Searching for My Molecular Diagnosis - Round 3
The long dramatic saga of trying to find what genetic flaw is causing Ehlers-Danlos Syndrome in me, told in five parts. This is Round 3. Need to catch up? Start here. Enjoy.
Round 3
March 2015
Ordering Hospital: UCLA
DNA Study: thorough examination of Tenascin X region
Returning to the Children's Hospital at UCLA to find out the results of my TNXB study done by Prevention Genetics, I am thinking this is a social call, that I will not be getting a cause found. Just a feeling.
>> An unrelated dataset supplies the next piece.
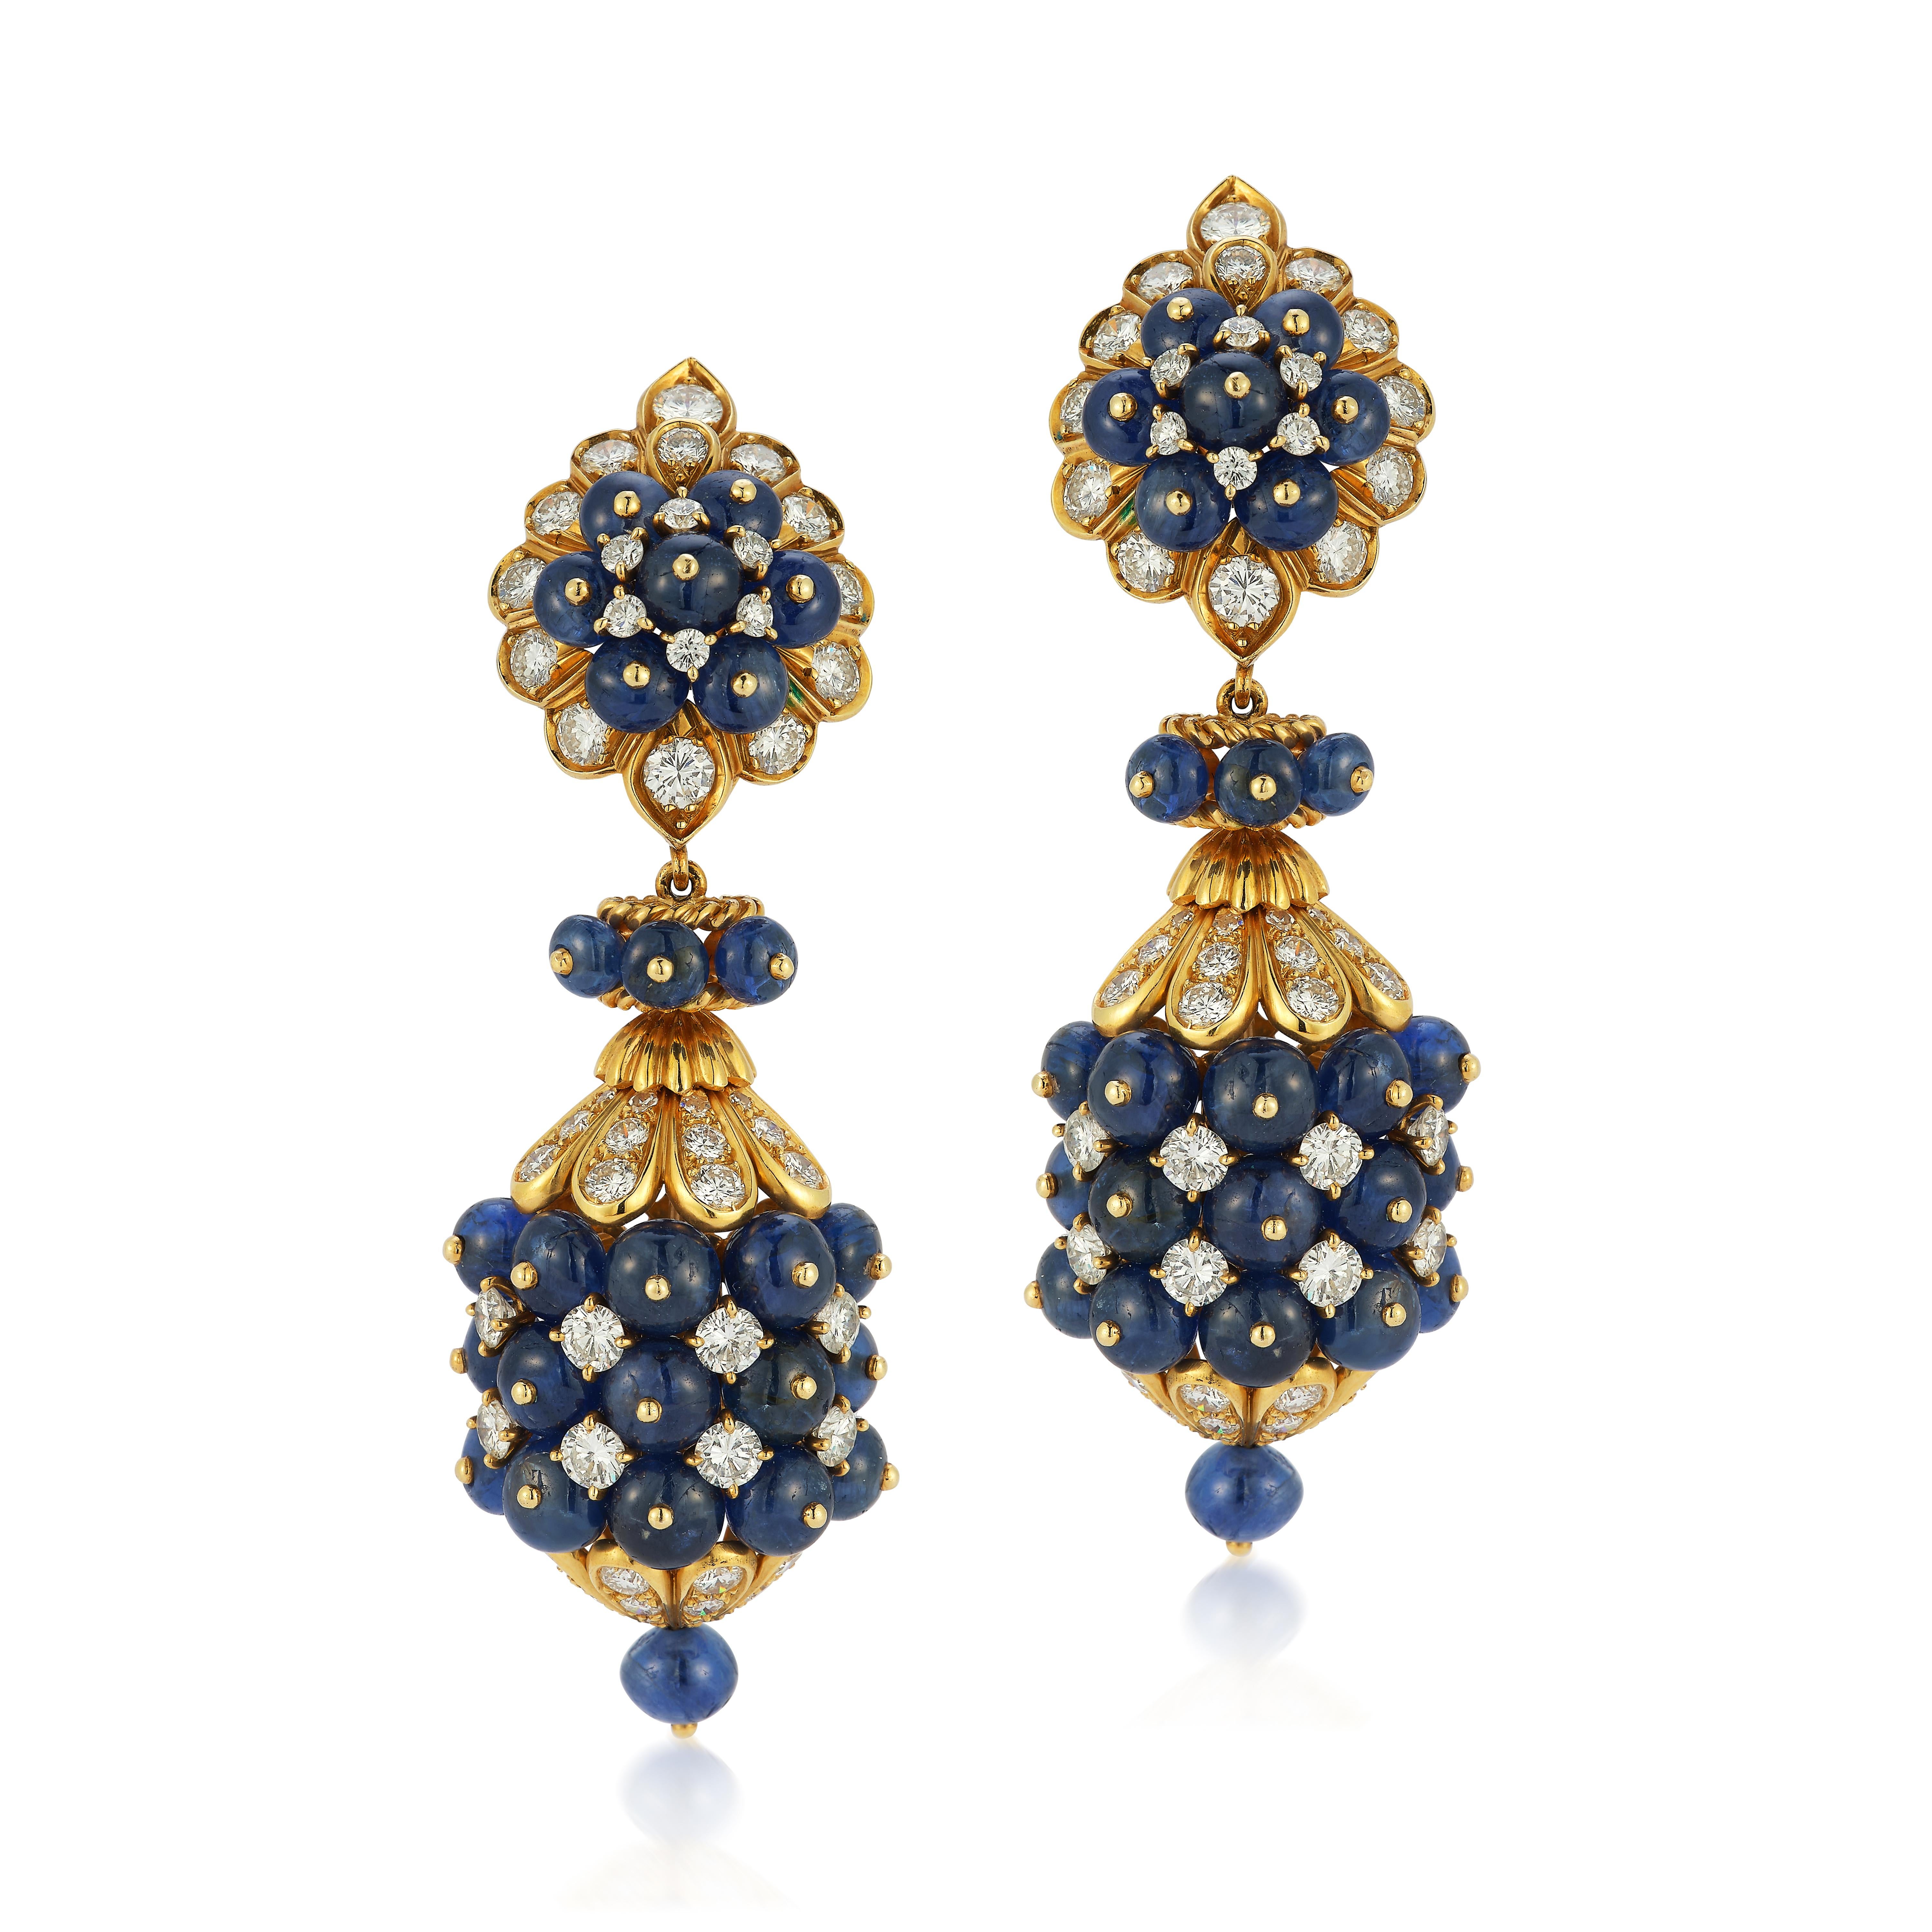 Van Cleef and Arpels Day and Night Sapphire Earrings - Paire de boucles d'oreilles en or 18 carats serties de perles de saphir et d'environ 6,1 carats de diamants ronds et taille unique. Les pendentifs sont détachables, ce qui permet de porter les

Trying to enjoy the visit and not cry.
CAUSE NOT FOUND
No surprise, really. It is rarely found as a cause. The geneticist admired my persistence. He sincerely wished me luck. It was a good moment. A very smart, very educated person who has better things to do did all he could for me. I cannot ask for more than that. Can I?
December 2015
In Thailand, on Christmas Eve, I asked the Thai man dressed up as Santa, at our resort filled mostly with Asian and Eastern European tourists, for my Christmas wish. He was probably a Buddhist and has no idea who Santa is. I asked him anyway.
I would like my molecular diagnosis.
Then I surprised myself by crying.
I don’t think he understood English. It doesn’t matter. He was Santa. At least for that hot, humid night in Southeast Asia, he was Santa.